Around this time, I was emailing various people who had success with completing their own old game reversing projects, and it was the author of the Cosmore project who described an approach which worked for him that I could see myself adapting. We can still compare the binaries even if they are not identical. Let’s say we had a tool which would analyze the machine code, disassembling the opcodes as it went along. Start with the main functions of your recreation and the original, and keep comparing the machine instructions. If you encounter a different instruction, that means there’s a discrepancy between the original and the recreation that needs to be fixed. But even if the instructions match, the tool will also encounter differences with regards to the addresses these instructions use to reference data, because that data is located at different locations in the two binaries. Instead of trying to get the locations to match, the tool ignores the difference, and records the mapping of the reconstructed offset onto an original offset in a reference dictionary for later. It’s just a matter of doing the right thing for different data access patterns - for example, stack-based accesses that refer to local data should match, but that’s relatively easy to accomplish - just declare the stack variables in the same order. Whenever it encounters a function call, put the destination into a queue, and go through all the functions in a DFS sort of approach. When it encounters a reference mismatch, it looks in the dictionary if a mapping between a reconstructed offset and a original one exists in the dictionary, and if it is the same as encountered before. You could have an ignore list for functions which you want to skip in the comparison for some reason - basically, this approach enables total flexibility in adapting the algorithm to the task.
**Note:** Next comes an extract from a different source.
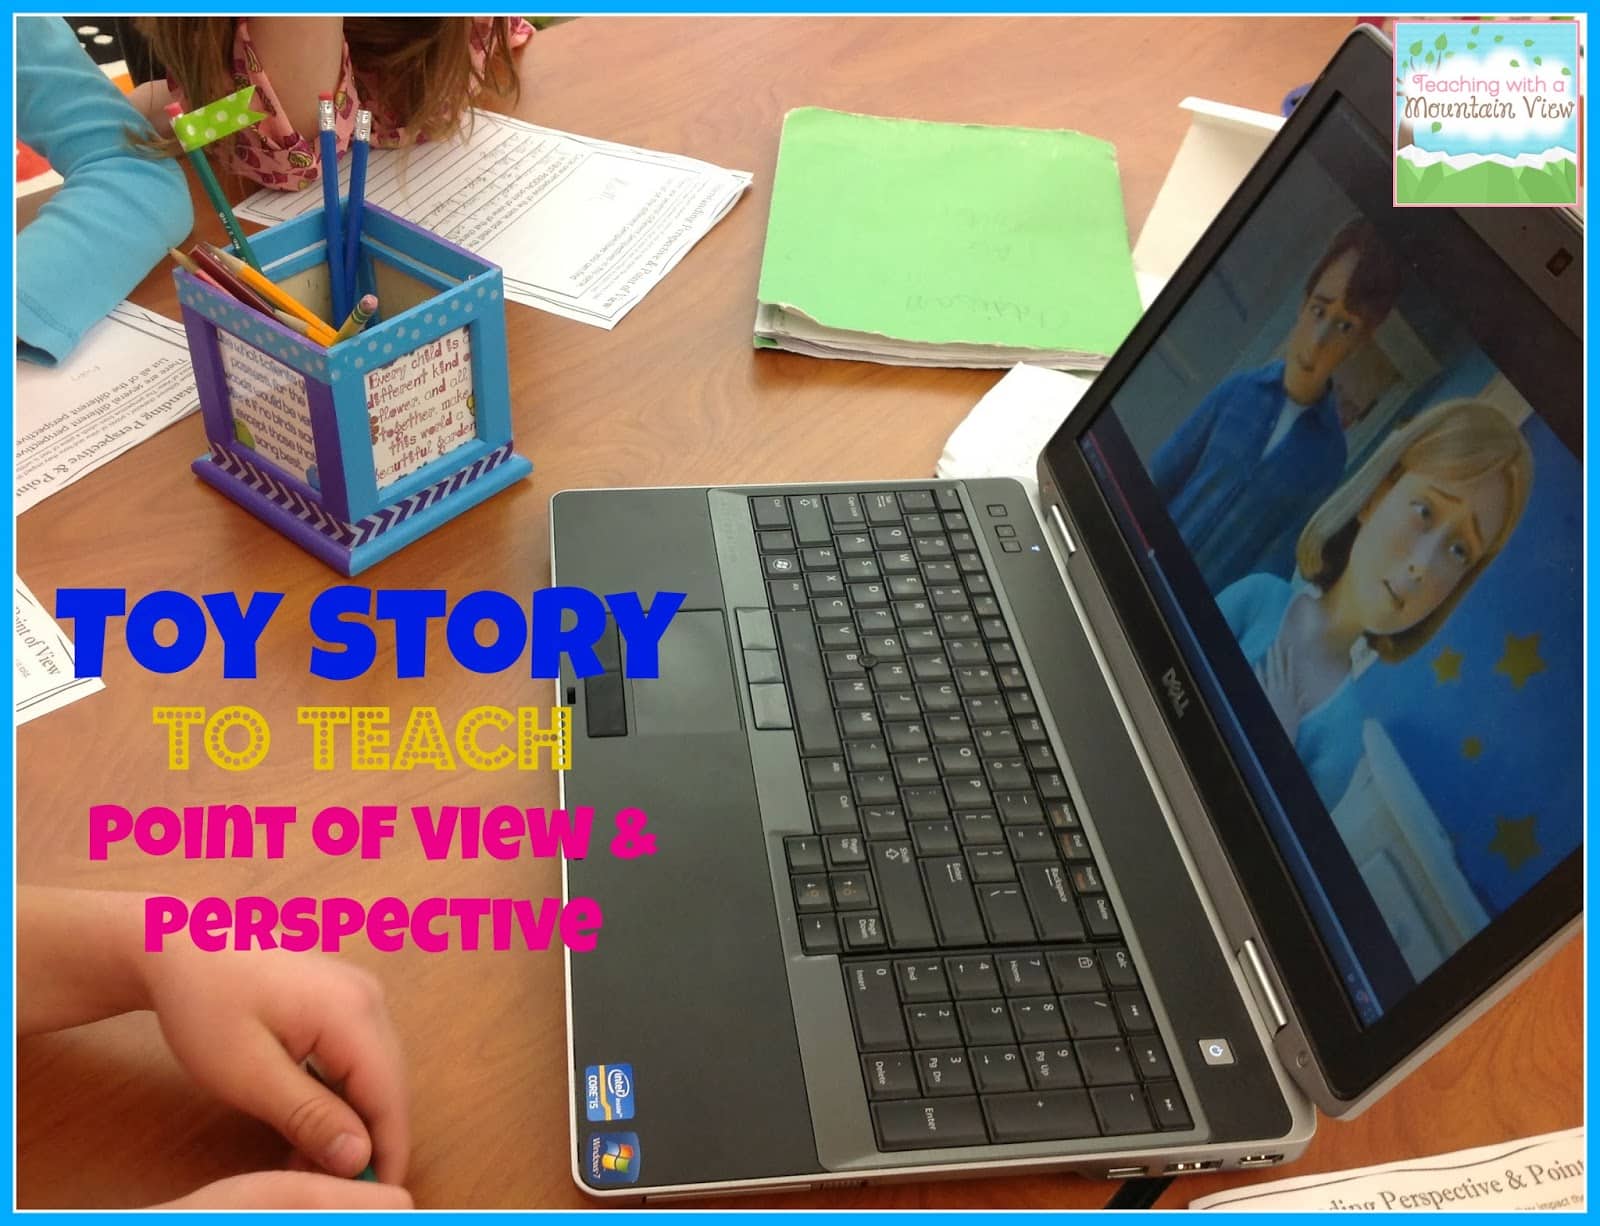 using video clips to teach point of view
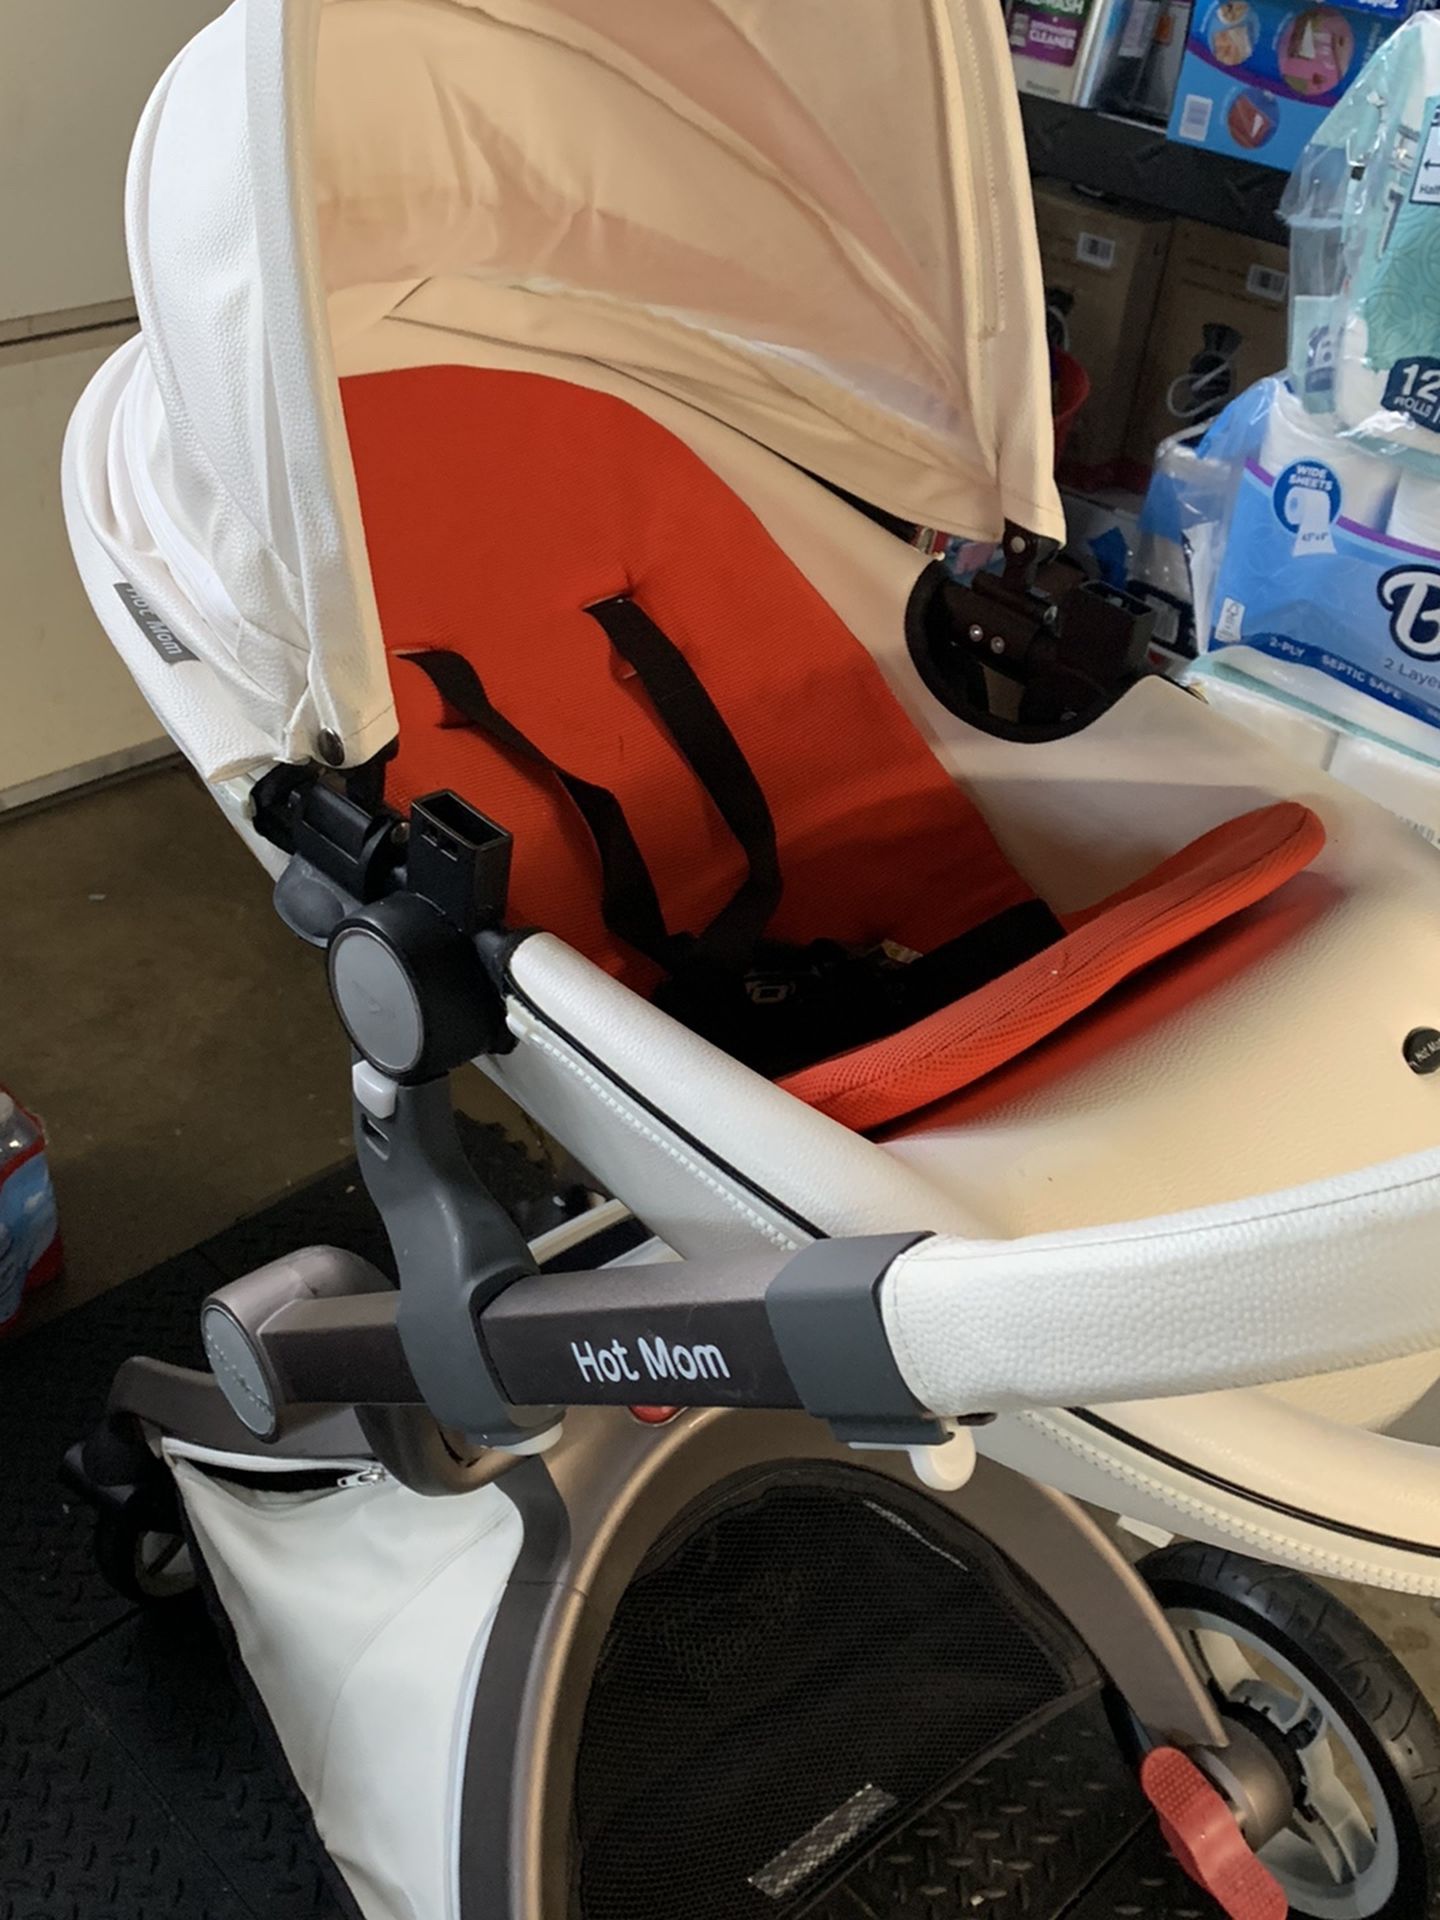 Hot Mom Stroller, Used And Good Condition

Since mzretools already does disassembly, I am currently adapting its code to be able to perform this, shall we say, semantical comparison. It comes at a buy-in initial cost as well, but it’s much less than implementing a somewhat full-featured emulator with state recording, and it’s much more likely to provide a credible metric of similarity between individual functions of the recreation and the original, that can be applied to an iterative process, where I am implementing functions one by one, and getting instant feedback on whether they are correct or not.

Whew, this was long, but I needed to have this thought process documented. I don’t expect to have more posts like this one about the game - from now on it will be just the technical stuff. ;)